== Work instruction ==
The line containing "Wooden vase set on Urban Outfitters x Clever" and each line after it, through the final line of the data, are to be retyped exactly, with pictures left out.

══ Recorded data ══

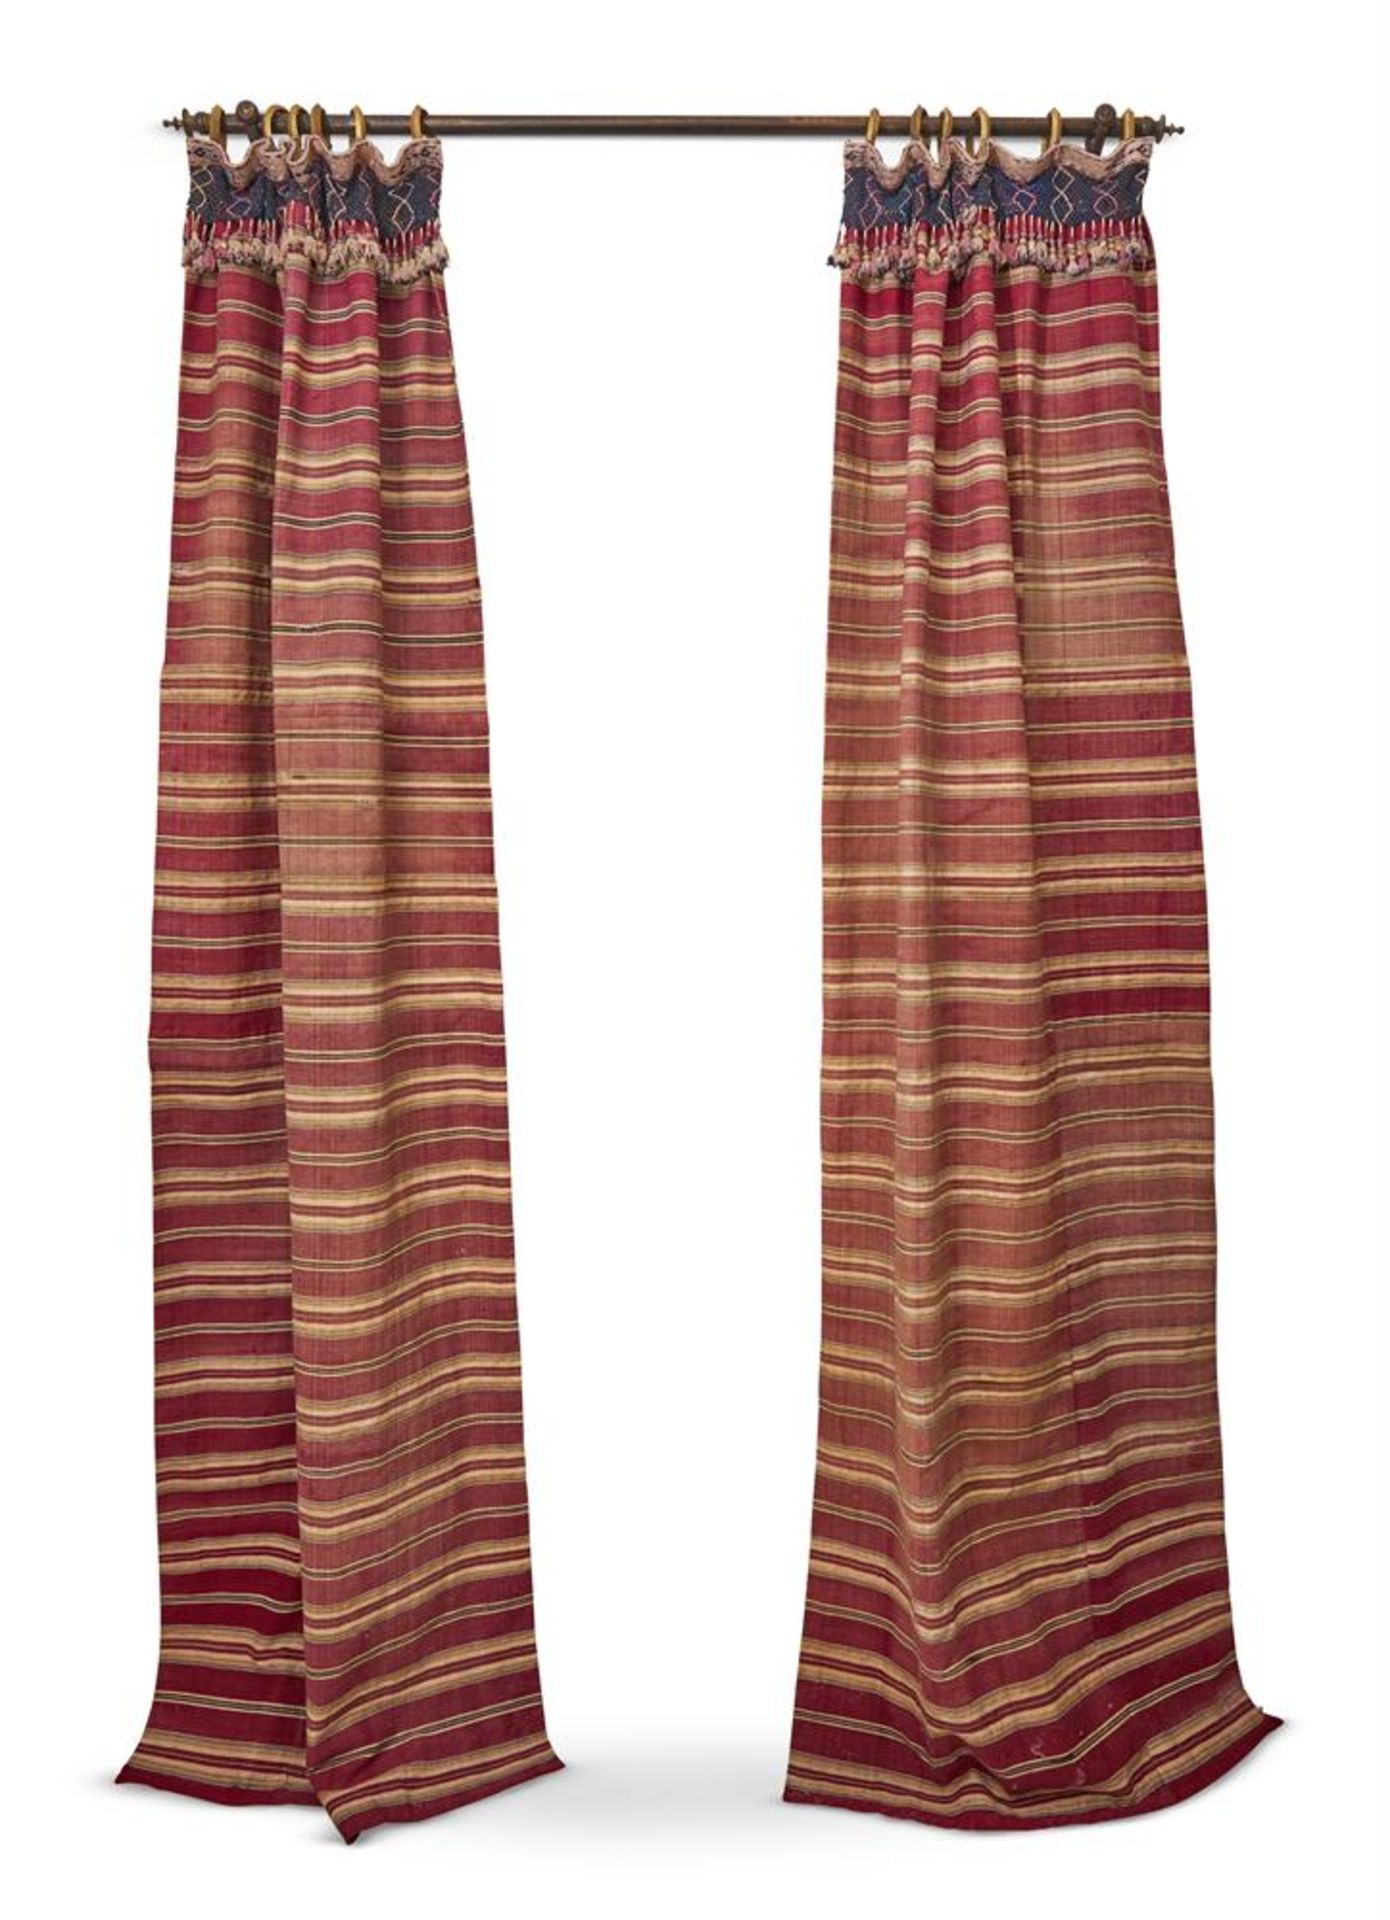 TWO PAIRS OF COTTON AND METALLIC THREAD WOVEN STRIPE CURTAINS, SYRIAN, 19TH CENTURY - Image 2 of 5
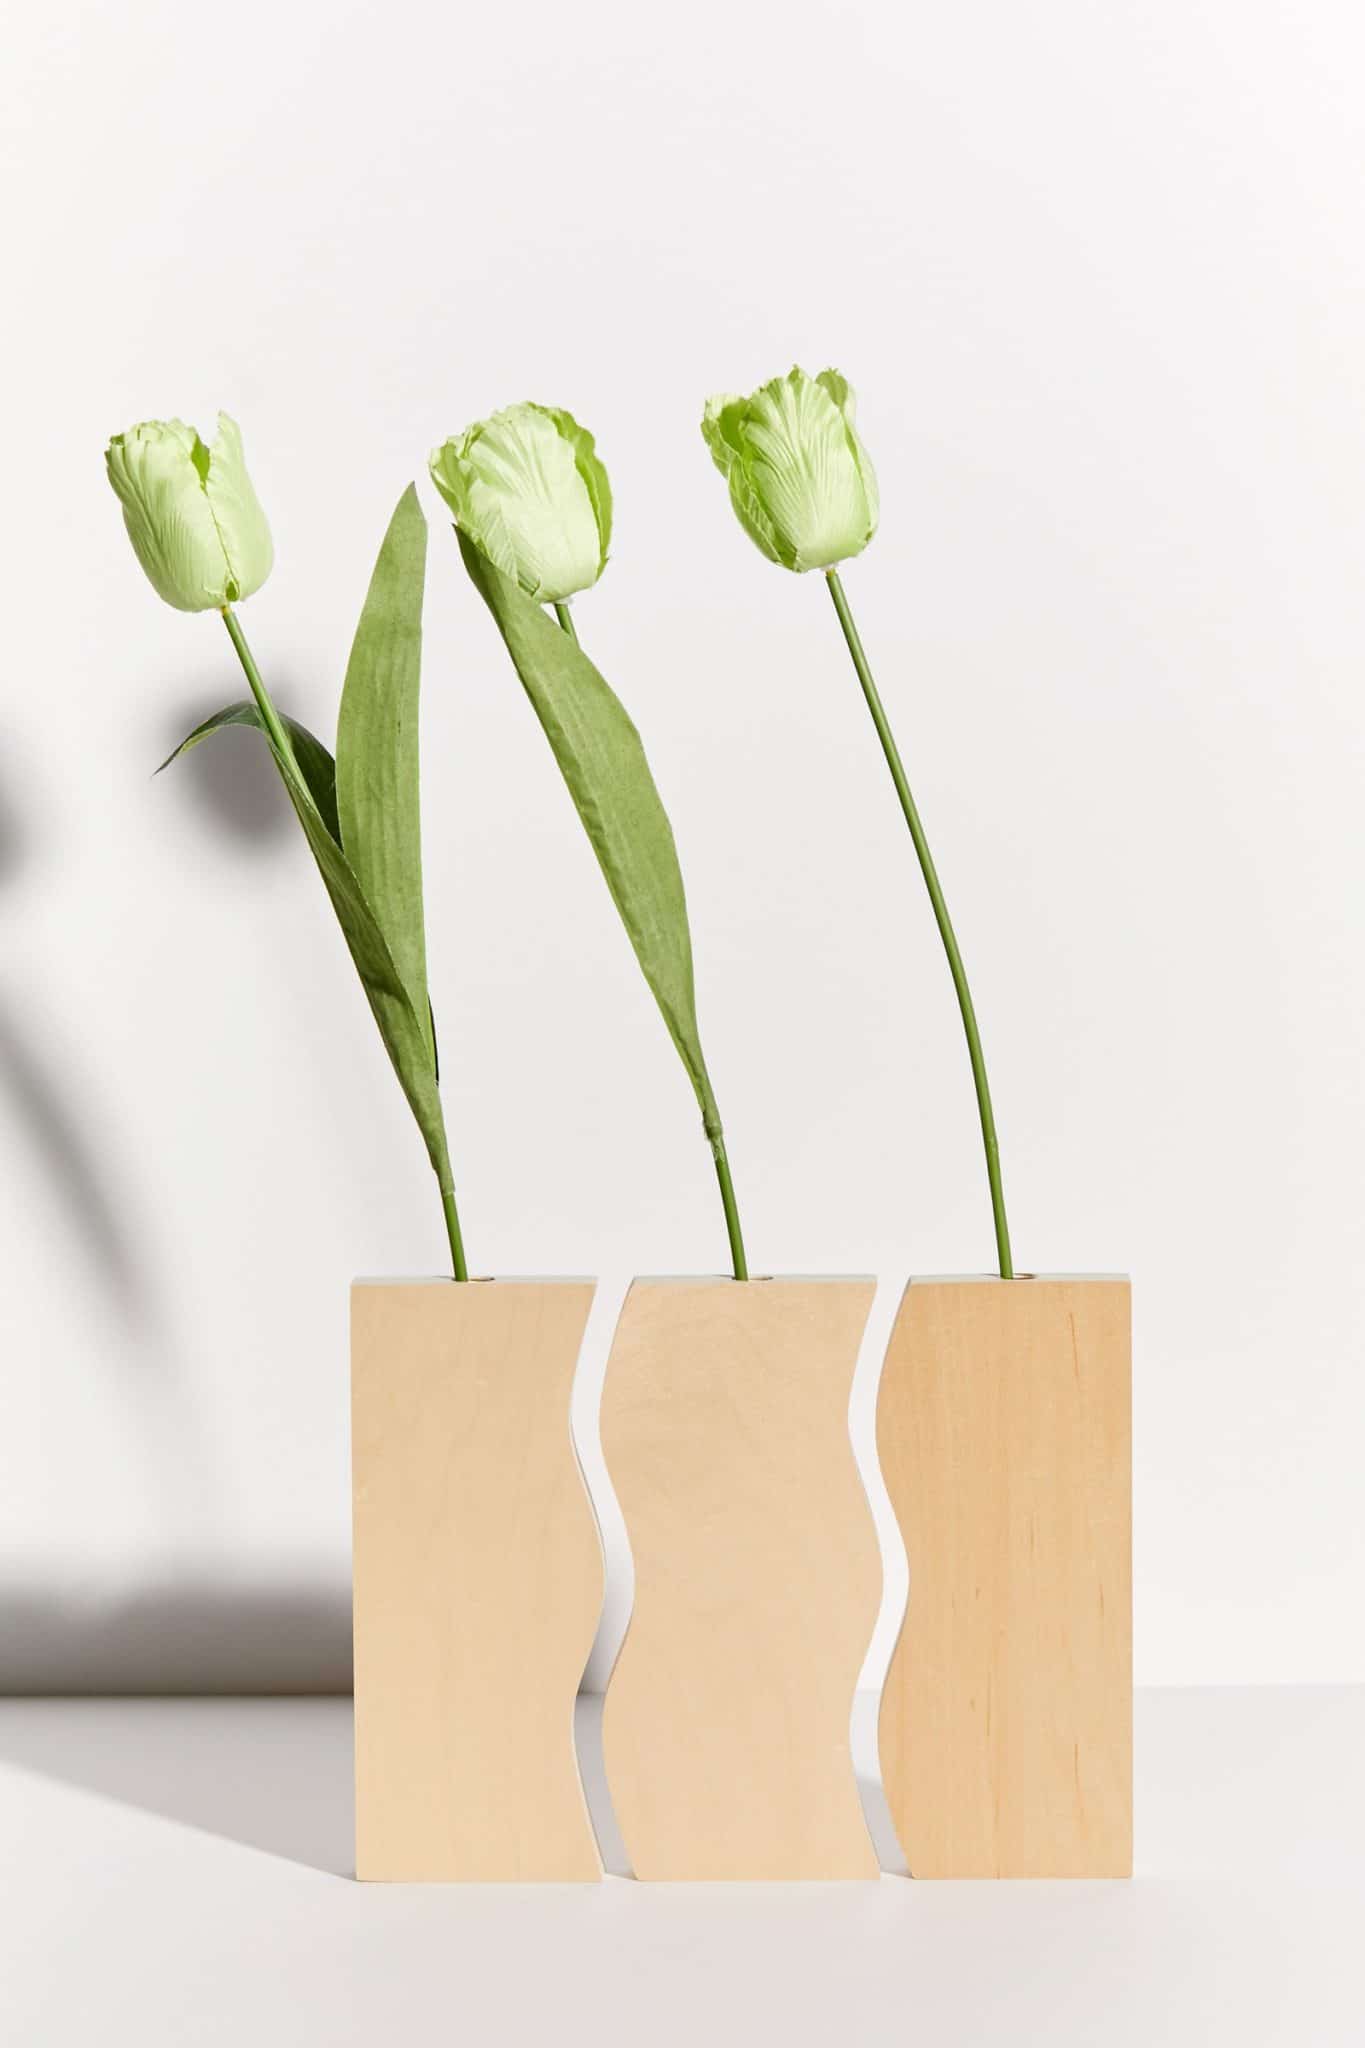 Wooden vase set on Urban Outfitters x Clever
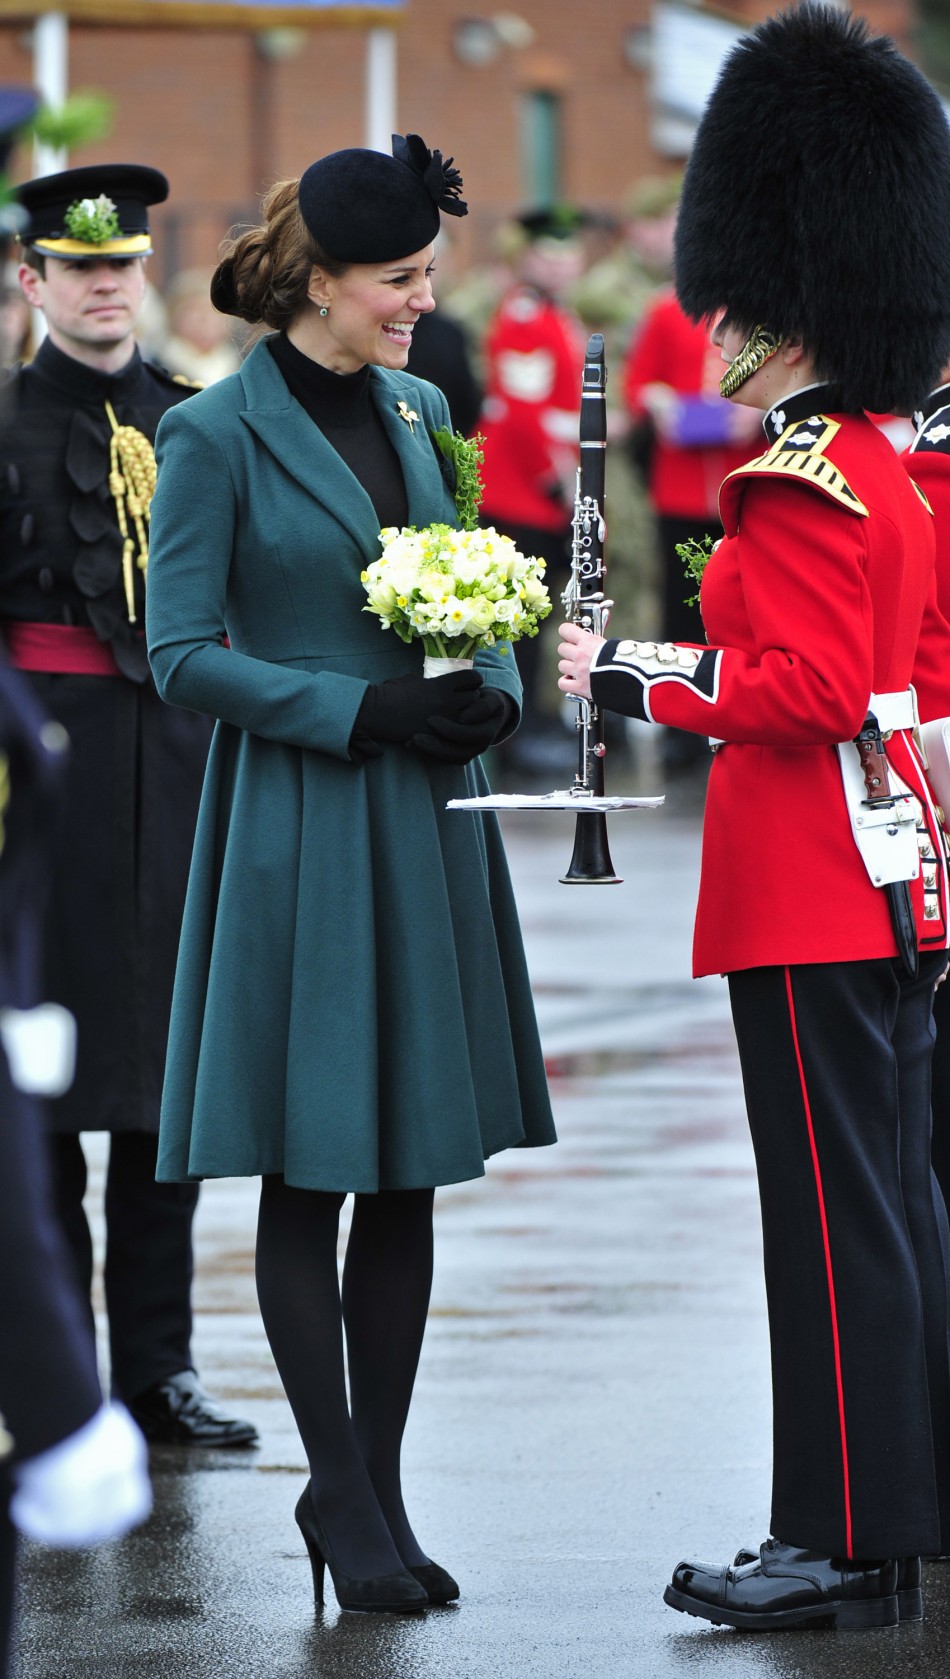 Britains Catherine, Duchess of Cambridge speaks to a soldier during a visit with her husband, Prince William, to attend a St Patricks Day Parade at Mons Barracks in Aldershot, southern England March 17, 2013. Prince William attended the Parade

═══

== Written answer ==
 Wooden vase set on Urban Outfitters x Clever
 Britains Catherine, Duchess of Cambridge speaks to a soldier during a visit with her husband, Prince William, to attend a St Patricks Day Parade at Mons Barracks in Aldershot, southern England March 17, 2013. Prince William attended the Parade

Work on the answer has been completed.